Compare against git diff to see which ones are yours.

Step 2 — decide:

Replace with proper error handling: the preferred fix. Use ? on Result, or ok_or() / ok_or_else() on Option.
Replace with .expect("reason") if genuinely infallible: still counts toward the budget but at least documents the invariant.
Bump the budget: acceptable only when (a) the unwrap is genuinely infallible by construction (e.g., writing to a String) AND (b) you justify it in the commit message. Update .unwrap-budget in the same commit.

Note: the budget ratchet is intentionally asymmetric. You can reduce the number freely; any increase needs justification.

3.5 `test` failed

Cause: you broke a test.

Fix: run the failing test in isolation for clearer output:

cargo test -p <crate> <test_name> -- --nocapture

If the test was wrong and the code is right, fix the test. If the code was wrong, fix the code. Don't fix the test to match broken code.

3.6 `coverage` (soft) flagged

Cause: the diff coverage gate (if running on a PR) found less than 70% of your new/changed lines are covered by tests.

Fix: add tests that exercise the new code paths. The gate is soft on main — it only fails on PRs. Locally you can see the uncovered lines via:

make qa-coverage
open target/llvm-cov/html/index.html   # if you also run `cargo llvm-cov --html`

3.7 `mutation` escaped

Cause: cargo-mutants found a mutation that no test detected — meaning your tests are incomplete for the mutated code path.

Step 1 — understand what the mutation is:

The output shows lines like:

libraries/core/src/types.rs:168:18: replace == with != in types_match

Read: "cargo-mutants changed == to != on line 168, re-ran the tests, and they all still passed."

Step 2 — write a test that catches it:

Construct an input where the mutated version produces a different output from the original. For the example above: a test that asserts types_match("a", "b") == false would catch the ==→!= mutation (unmutated returns false, mutated returns true).

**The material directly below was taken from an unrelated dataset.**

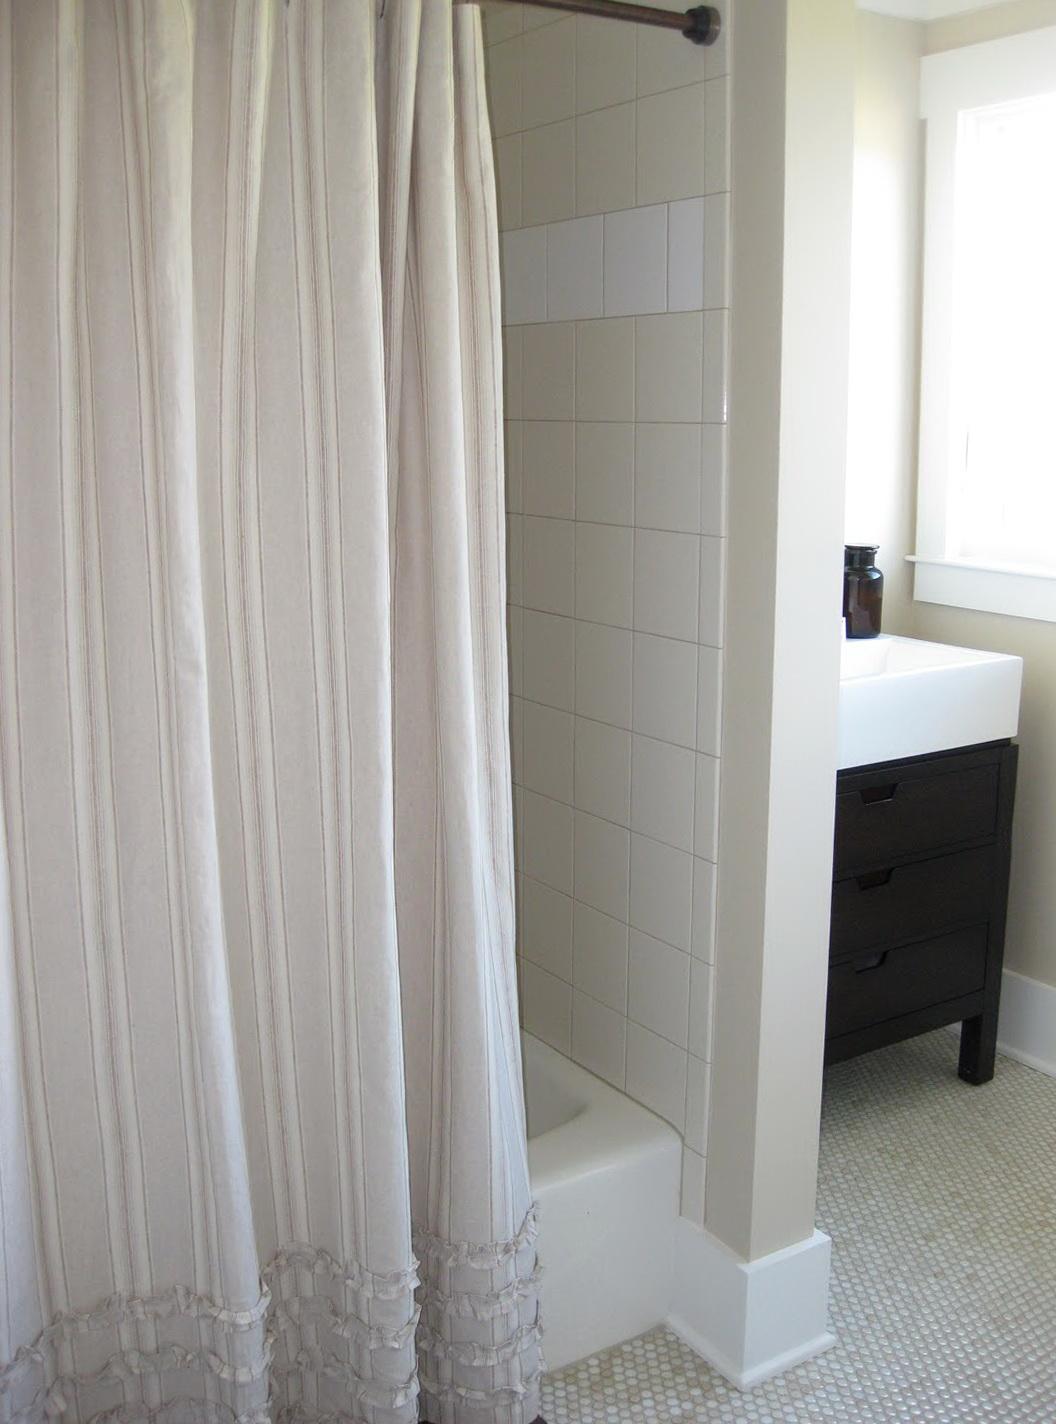 Pottery Barn Shower Curtain Home Design Ideas
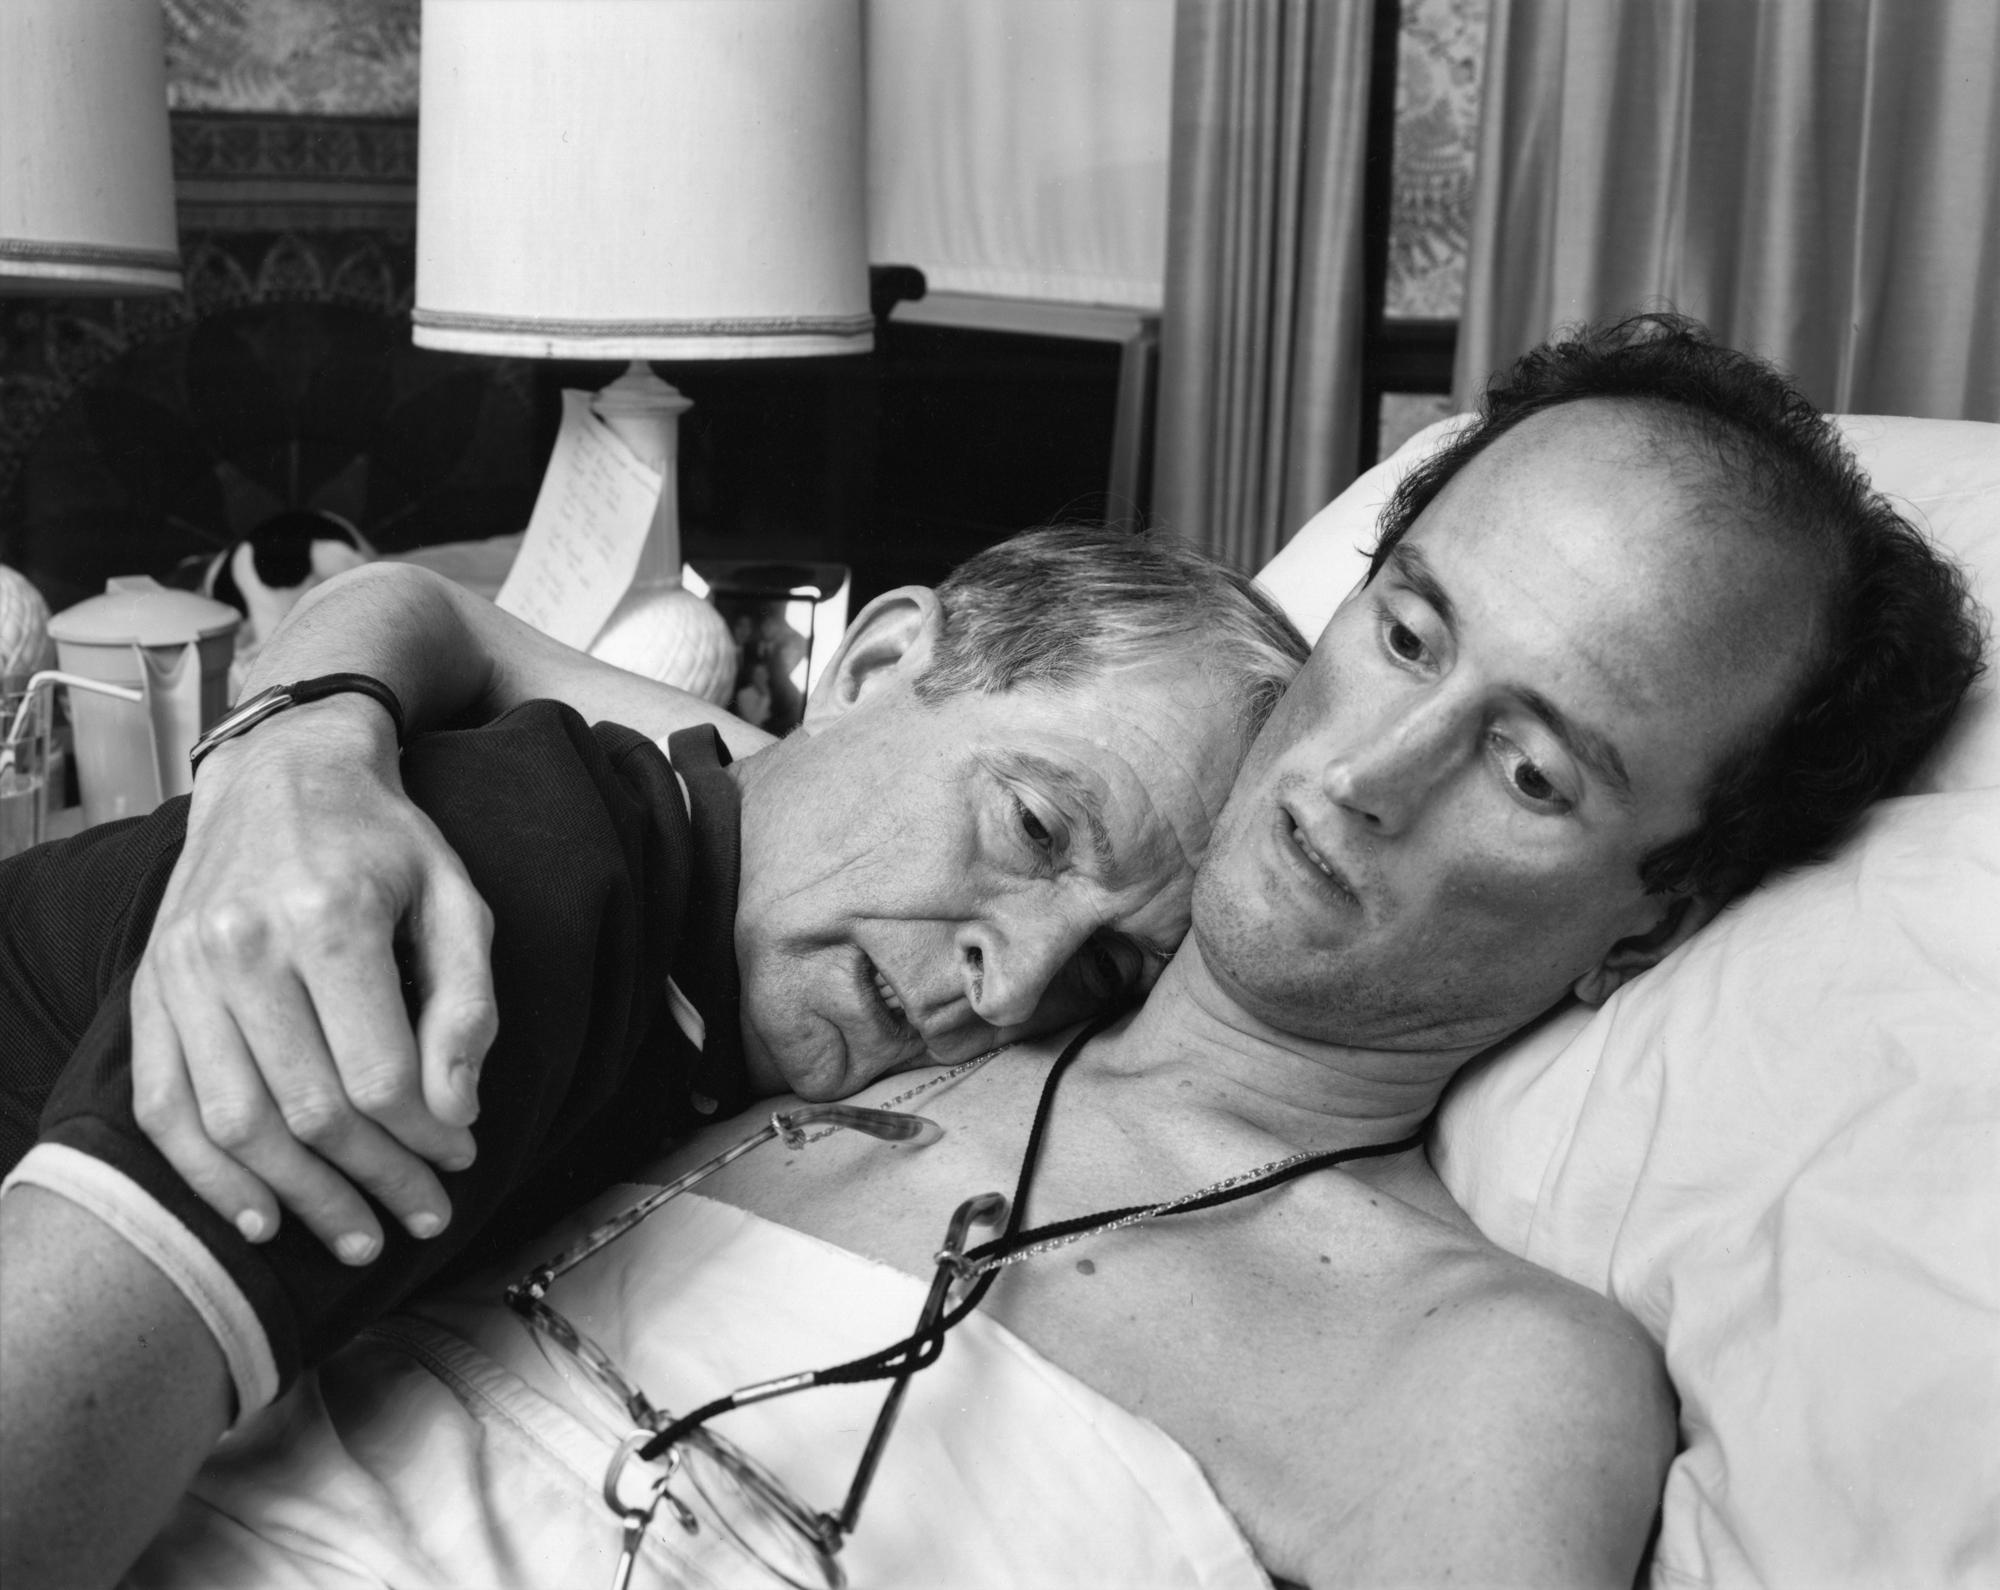 <em>Dr. Robert Sappenfield with his son Bob, Dorchester, 1988 | © Nicholas Nixon, courtesy Fraenkel Gallery, San Francisco</em>

Step 3 — if it's a genuine equivalent mutant: document it in .cargo/mutants.toml with a detailed comment explaining why the mutation produces semantically identical behavior. See the types_match ||→&& example already in the file.

Do not waive mutations just to make the gate pass. The point of the gate is to surface weak tests.

3.8 `semver` (soft) flagged

Cause: cargo-semver-checks found a breaking change in a publishable crate's public API since the last tag.

Fix:

If the change is intentional: make sure the crate's version is bumped to a new major or minor (per SemVer rules) before release.
If unintentional: revert the breaking change.

The gate is soft during 0.x development — it only warns. It becomes a hard gate after the 1.0 release per plan-dora-1.0-consolidation.md.

4. Running the adversarial LLM review (local only today)

Prerequisites: either codex (OpenAI Codex CLI) or claude (Claude Code CLI) installed and logged in.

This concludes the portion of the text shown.